I have a Freebsd machine that I use as a file server for backups.
Everything is working great and it's been ok for the last few years.

The problem is that my backups are getting bigger (especially VMs) and the network Gigabit appears to be the bottleneck.
I was thinking on trying a 10G network, but the problem is that WOL doesn't work on 10G NICs and I need it, since I use it to wake the freebsd machine.

So I was thinking to use 2 NIC on the freebsd machine: the 'old' Gigabit network card just for the WOL, and the new 10G for the traffic itself.
The proble now is that I would certainly create a network loop, so I would need to configure the routing.

While I was thinking about an implementatio I though that if I could just disable at boot the 'old' NIC, I wouldn't have any problem, since it basically just
needs to be used to wake the computer.

And here's the problem: how do I turn off a network card at boot?
I tried in  rc.conf  `ifconfig_<interface>="NOAUTO"` or just `service ifconfig <interface> down` but it's not completely disabled.
Is there a way to disable the NIC once and for all?

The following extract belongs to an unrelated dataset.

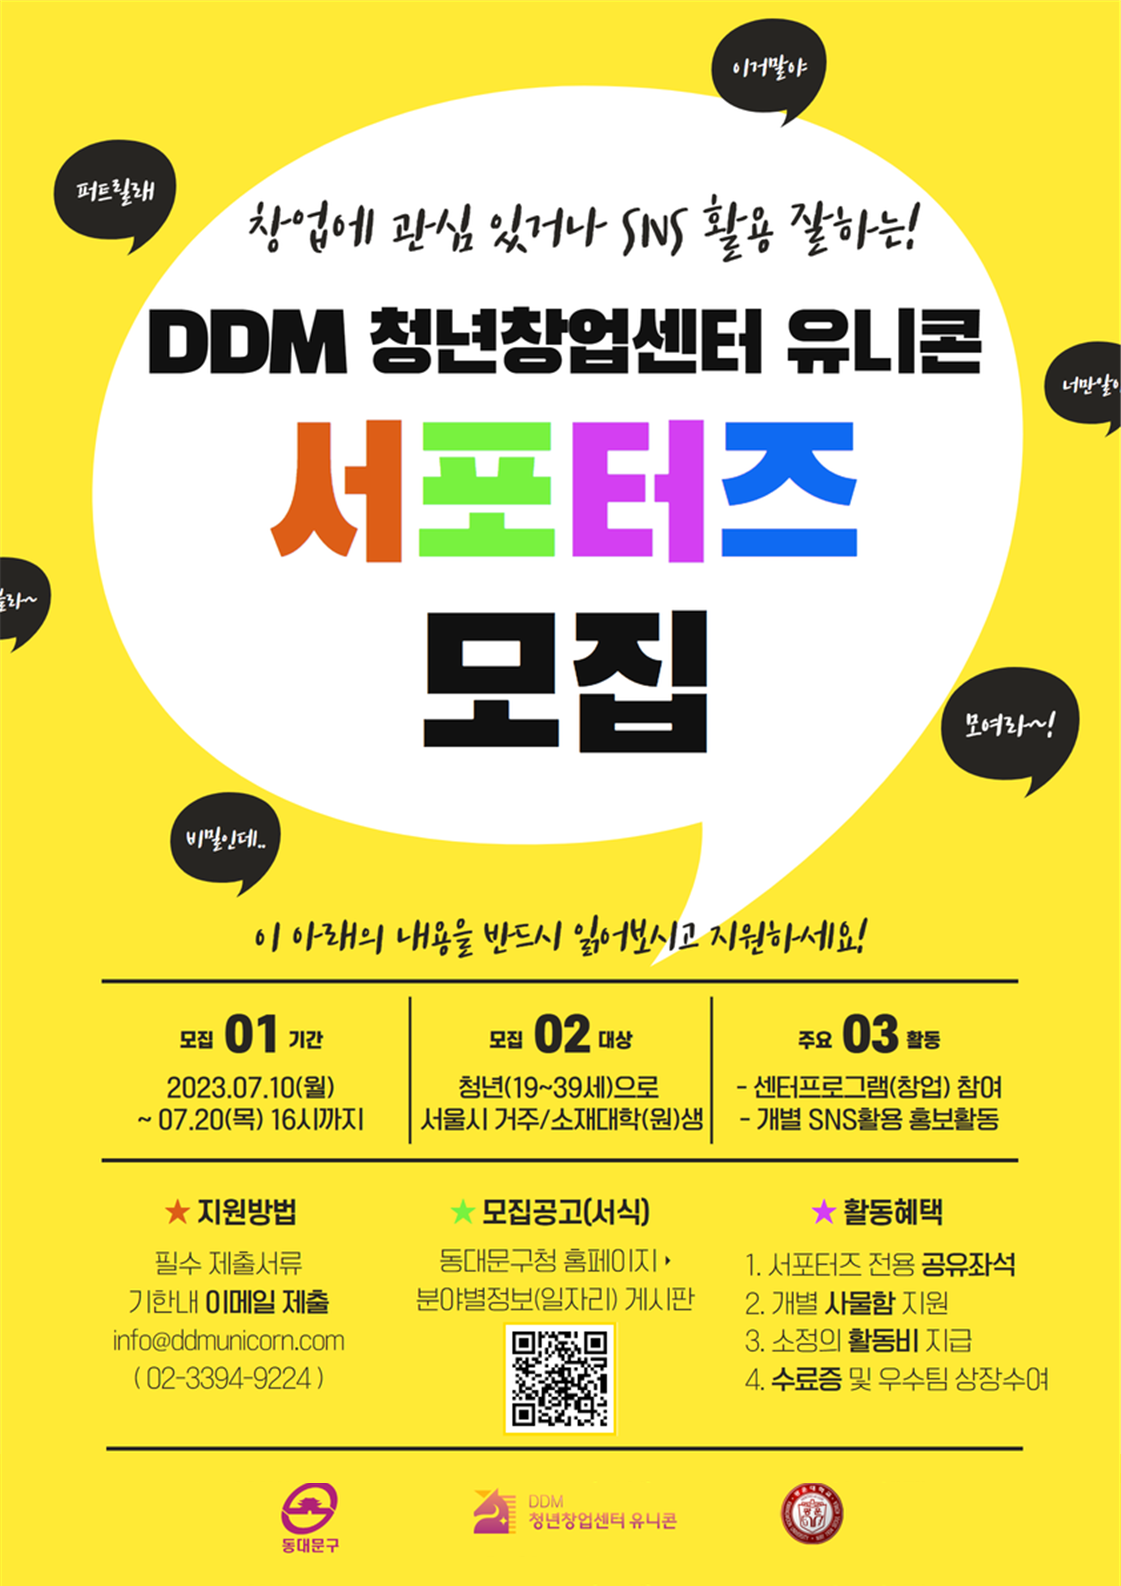 DDM 청년창업센터 유니콘 대학(원)생 서포터즈 모집

Thanks in advance for any inputs.


Gherardo


----------



## SirDice (Dec 7, 2020)

Gherardo said:


> So I was thinking to use 2 NIC on the freebsd machine: the 'old' Gigabit network card just for the WOL, and the new 10G for the traffic itself.
> The proble now is that I would certainly create a network loop, so I would need to configure the routing.


Don't give the gigabit network card an IP address, you may need to set it to 'up' though. No loops. WoL works on broadcasts and has the interface's MAC address. 









						Wake-on-LAN - Wikipedia
					






					en.wikipedia.org
				






Gherardo said:


> And here's the problem: how do I turn off a network card at boot?


Interfaces are 'down' by default. Just don't configure it then it'll stay 'down'.


----------